Emerging Illinois Social Science Standards Require Paradigm Shift for Teaching and Learning

by Shawn Healy, PhD, Civic Learning Scholar

Yesterday, the Illinois Civics team, in partnership with members of the Illinois Social Science Standards Task Force (see p.3), presented a daylong workshop for K-12 teachers at the West Cook Regional Service Center on emerging state standards. It was remarkably well attended. In fact, we were oversubscribed and stretched into three different rooms. A subsequent workshop was scheduled there for next month and is already at capacity.

We take this as a sign that there is significant demand in the field for additional support with standards implementation that transcend the new course requirement, and our team is strategizing with the Illinois State Board of Education on a collaboration that spans the state and K-12 spectrum. Stay tuned for additional details in the weeks and months ahead.

My workshop assignment was to provide context for the standards’ development, and I began by making the case for civic learning, which lies at the heart of the C3 Framework’s inquiry arc embedded in the standards. Most of our work to date has been with high school teachers, so in preparation for the presentation, I analyzed data from the 2014 National Assessment of Educational Progress in Civics administered to 8th graders.

The standards require a paradigm shift from teacher-dominated to student-centered instruction, and the NAEP results underline the value of this proposition. For example, while reading from a textbook had little impact on students’ civic knowledge and skills, usage of primary documents moved the needle significantly, maxing out at daily dosages (see below).

Monthly to weekly current events discussions also proved effective, as did periodic debate and panel discussions. The same was true for role plays, mock trials, and dramas.

The evidence is firmly in our corner, but students taking the test suggested that these practices are all too rare, and in the cases of current events discussions and simulations, decreasing in frequency.

Moving forward, our challenge is to further unpack these new standards with educators and work with them to align current practices and curriculum.
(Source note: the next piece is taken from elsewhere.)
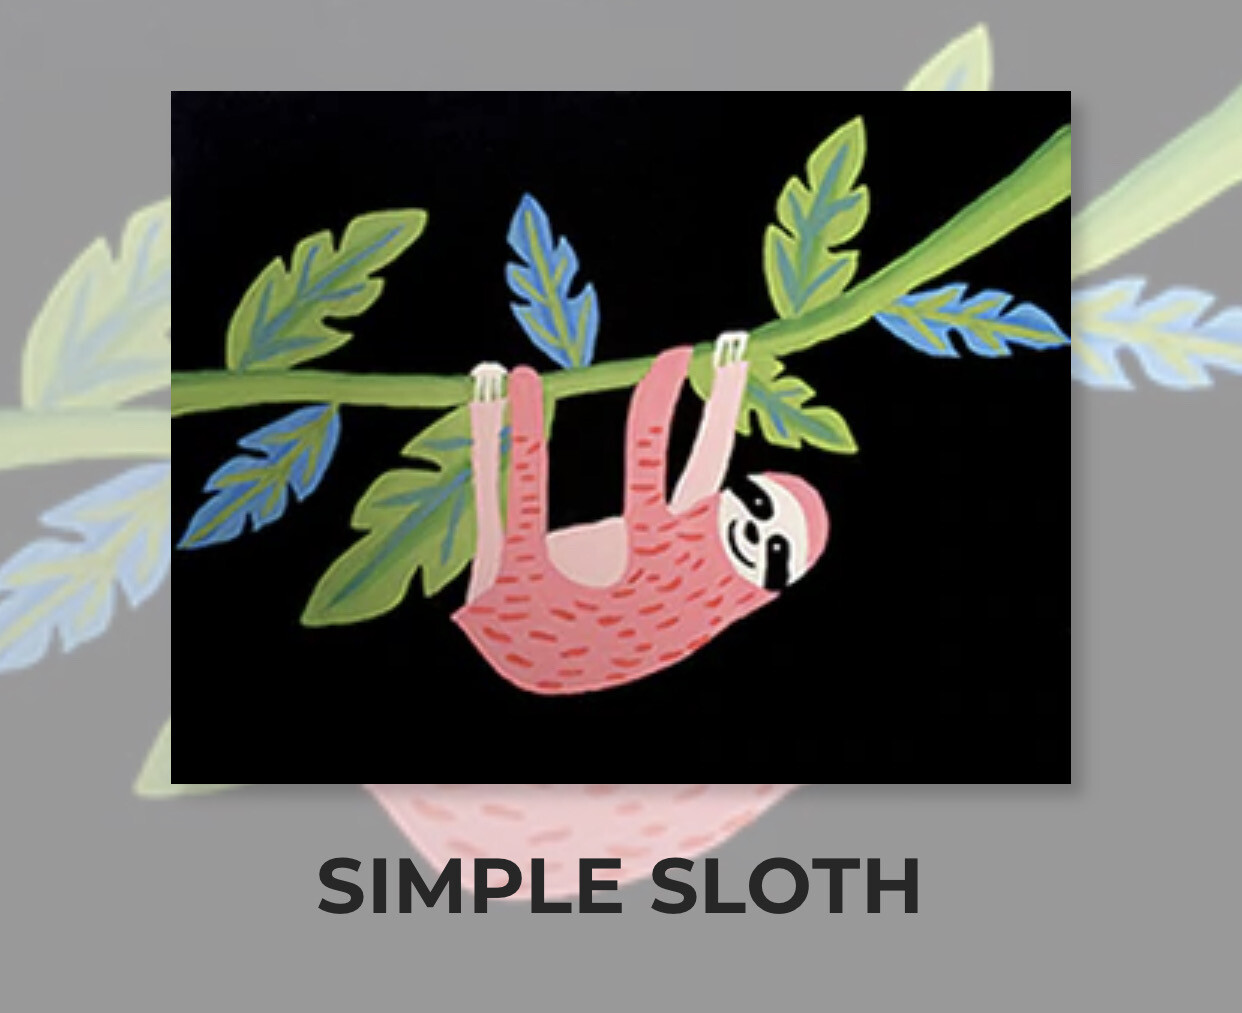 Simple Sloth ADULT Acrylic Paint On Canvas DIY Art Kit - 3 Week Special Order

There is also a demonstrable need to identify and create curriculum that meets the new standards, later scaffolding it with teachers in the trenches for classroom use.

I was asked by one attendee during my presentation about how long teachers and schools should expect standards implementation to take. A specific answer was elusive, but as is true with implementation of the civics course, we view this is a multi-year process. At its center will be continued engagement with educators and responsiveness to their identified needs. It’s fair to say that we “put points on the board” towards this end yesterday.